What, precisely does this mean? It means I feel weird, and I don't quite know what to do with myself. It's interesting, the effect of having a label. I imagine this particular effect is broadly similar for many diagnoses, to lesser and greater degrees. It's a waveform: you just start relaxing into it, and feeling relived by it, then you think 'oh shit, there's something wrong with me!', then it all starts again.
There is a satisfying feeling of loose ends being tied up. It's the explanatory scene at the end of every episode of Poirot, the metaphorical jigsaw pieces being placed. You think of all the things that you've been feeling over the years and you squidge all of your individual experiences into the shape of the words on the leaflet you've been given.
But its weirdly hard to relinquish the long-held belief that actually you're just quite shit at life, that its your own fault and you're just not trying hard enough, to something external like an Actual Real Life Diagnosis. Bits of what I thought were my personality are instantly explained and I can't quite accept that its not just me being defective.

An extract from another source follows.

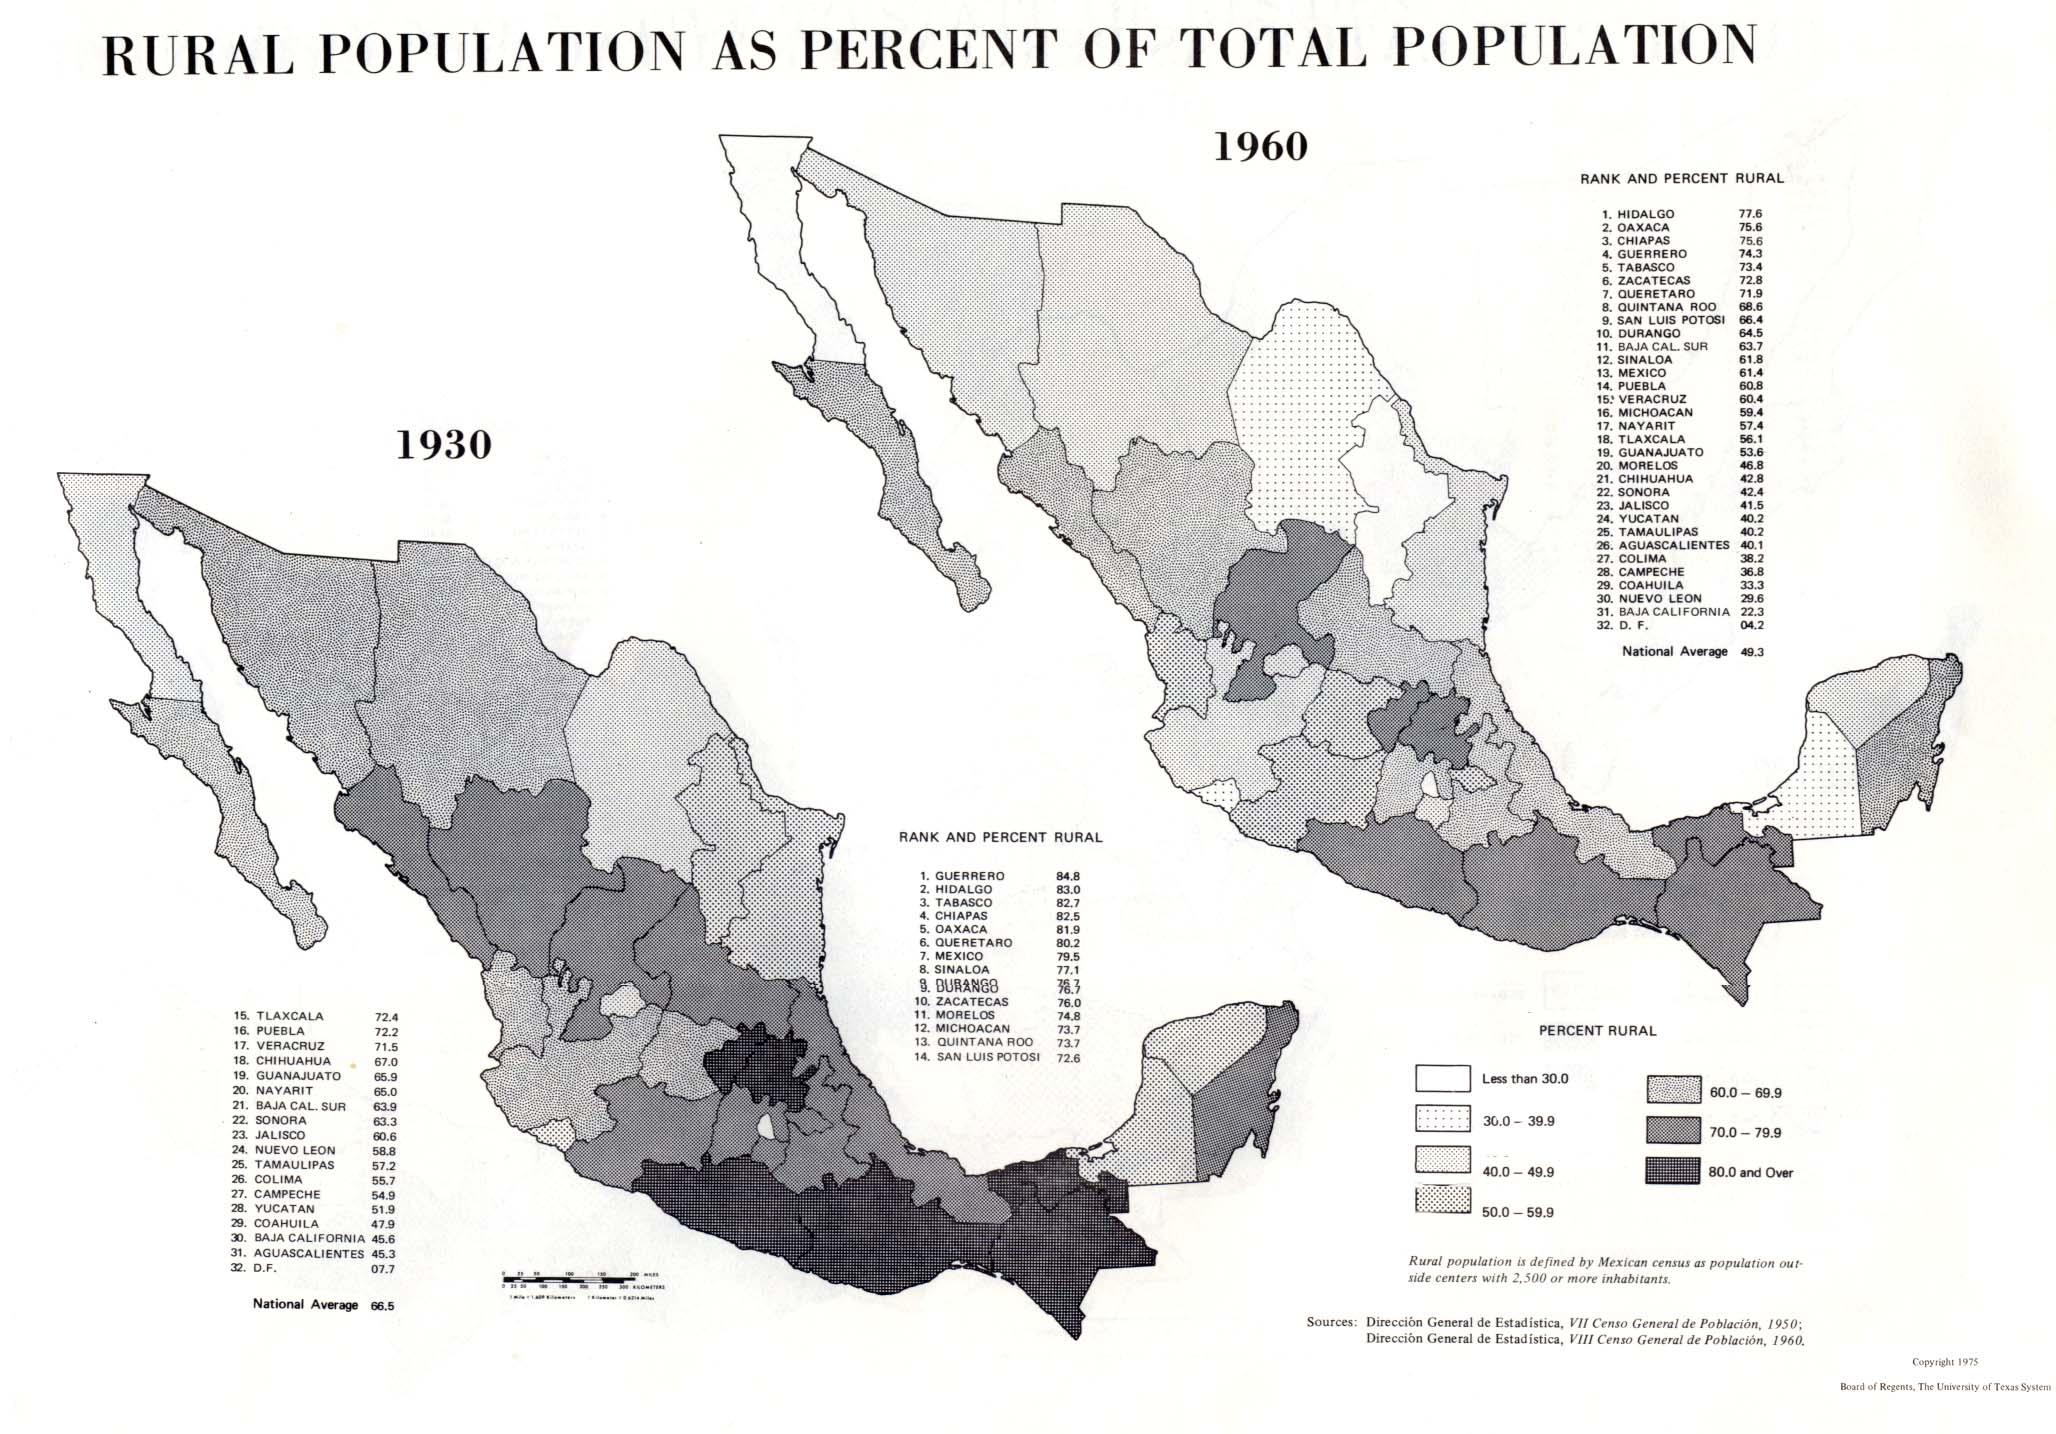 Mapa de la Población Rural como Porcentaje de la Población Total, México 1930, 1960
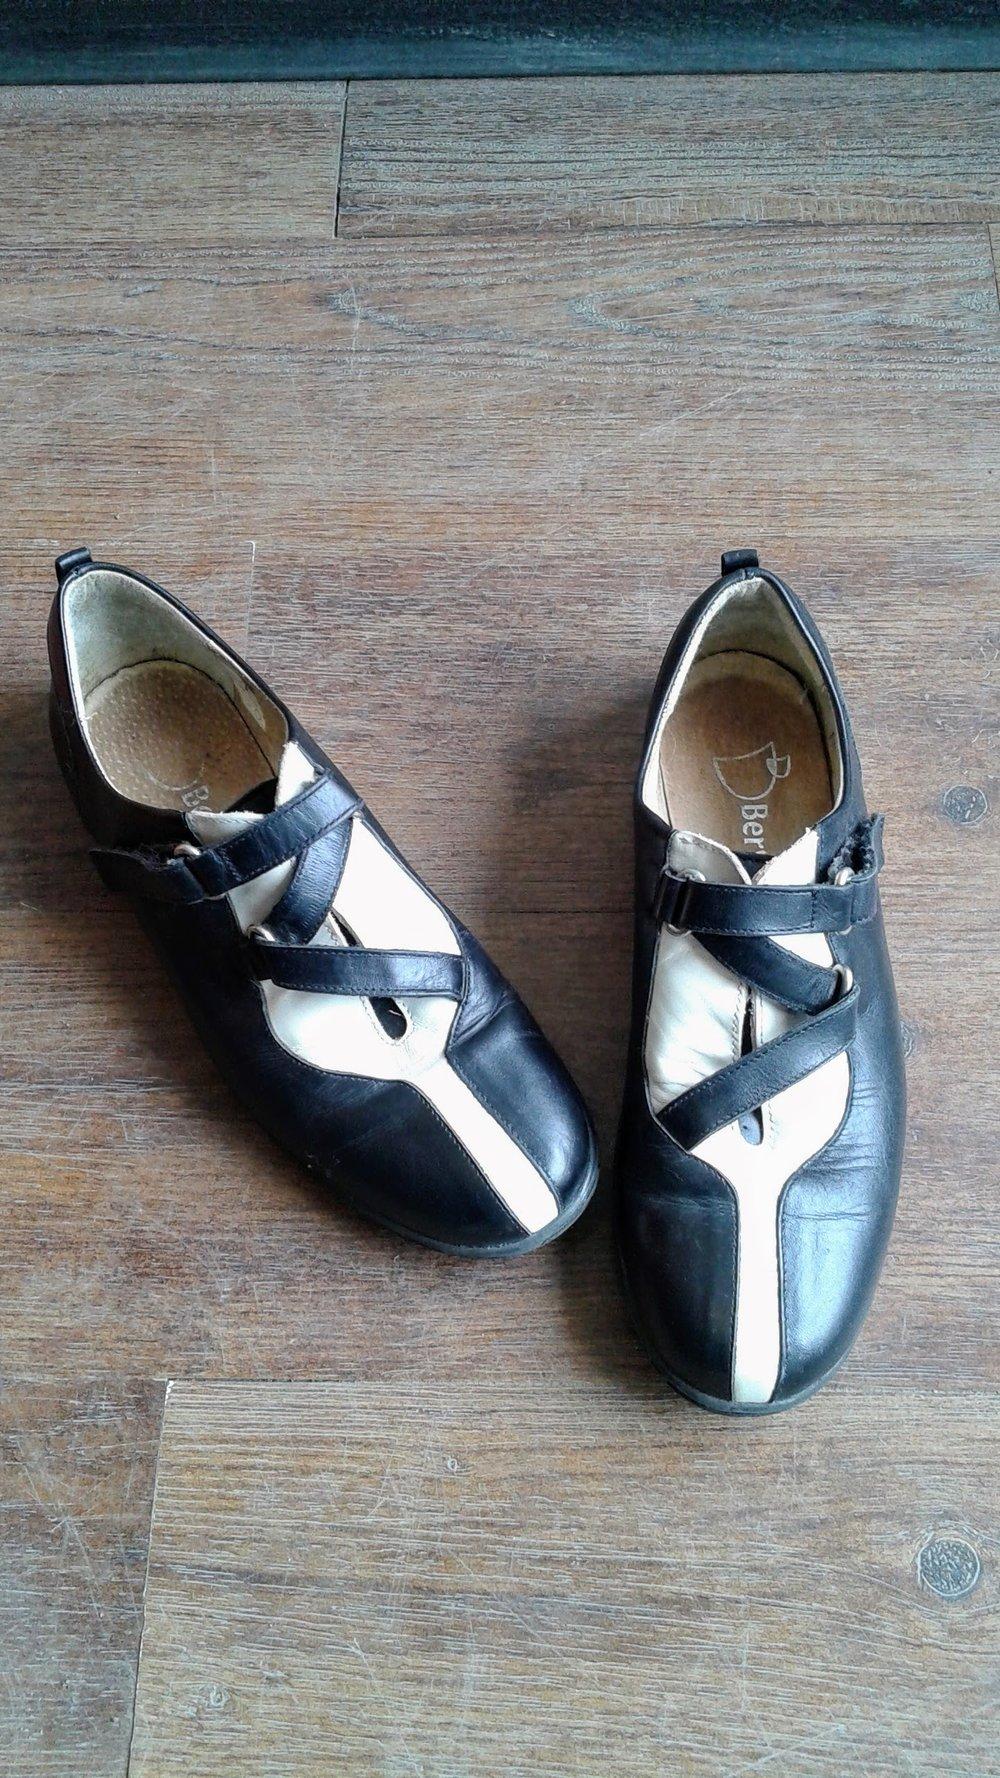 D Beryl shoes: S7.5, $26

There is also a fear that now I have an excuse, a reason to stop berating myself, I will luxuriate in it. Will I kick back and stop pushing myself as much as I have been, and retreat? Will it take even more effort now to venture out and smile, with a diagnosis weighing me down?
People who know me may be inclined to think that this is bollocks, that I'm just going through a rough patch and will be fine in a bit. I keep telling myself that too, to be honest. I'll shake it off and it'll be fine. but this is an underlying thing that has always been there. Most of the time it lurks, but sometimes it pushes itself into the front row, knocks out the bouncers, and jumps on the stage and dances naked. In other words, its pretty damn distracting, and it takes up a fair amount of my working brain.
There are a few cruel dichotomies that I am the victim of in life. I love nothing more than lying for hours in the sunshine, yet I have the palest, most prone to burning skin, for example. And this is one too. I love being around people. I love my friends more than anything, and I rely on them for my very existence. But this thing, this bloody diagnosis, means I can end up spending the precious time I have with them fighting with my instincts to run away from them, even though I desperately want to be with them.
You could be the one person who I want to spend the most amount of time with in the world. You could be the person that I am most interested in getting to know, or the person who I most want to impress. I might be really interested in your opinions, and desperately want to know about your life. But what will most likely happen is that I will sit in awkward silence and you will think "she hates me", or "she's not remotely sociable" or "bloody hell, she's really boring". If only you could hear the things running through my head at these times though. In my brain, I am running through all of my most sparkling, wittiest, intelligent observations and quietly discarding every one of them as being too unworthy of your consideration. Yeah, I know I should let you judge that, and I think about it constantly afterwards and how stupid I have been for not saying anything, but in the moment, none of those rational thoughts help. Conversely, you could be someone who I know I will never meet again. You could be a random person on the street who asks me directions, or a train conductor, or a waitress in a restaurant I will never visit again, and I will still have the same reactions.
I can often mask it, but my body lets me down. I can be sat having a nice chat with someone I have been friends with for years, and I am internally in full on fight-or-flight mode. My heart is pounding irregularly, my brain is rushing and I blush extravagantly. If this is how I am with people who I know love me, and who I have known for years, imagine how I am when I meet new people.
Some of you might be thinking 'why in the hell is she writing about this in public?' Some would say that this is the kind of thing that should be kept under wraps, behind closed doors, under the carpet and all that kind of thing. Well, I say bollocks to that. I have written before about how stubborn the stigma of mental health is, and I just don't subscribe to the idea that we still, in this day and age, need to be embarrassed about it. It's actually really hard and scary to write about it all in public, but it makes me feel better and I don't want to hide it away. I have enough faith in you, Dear Reader, that you wont think any less of me for it or judge me too much.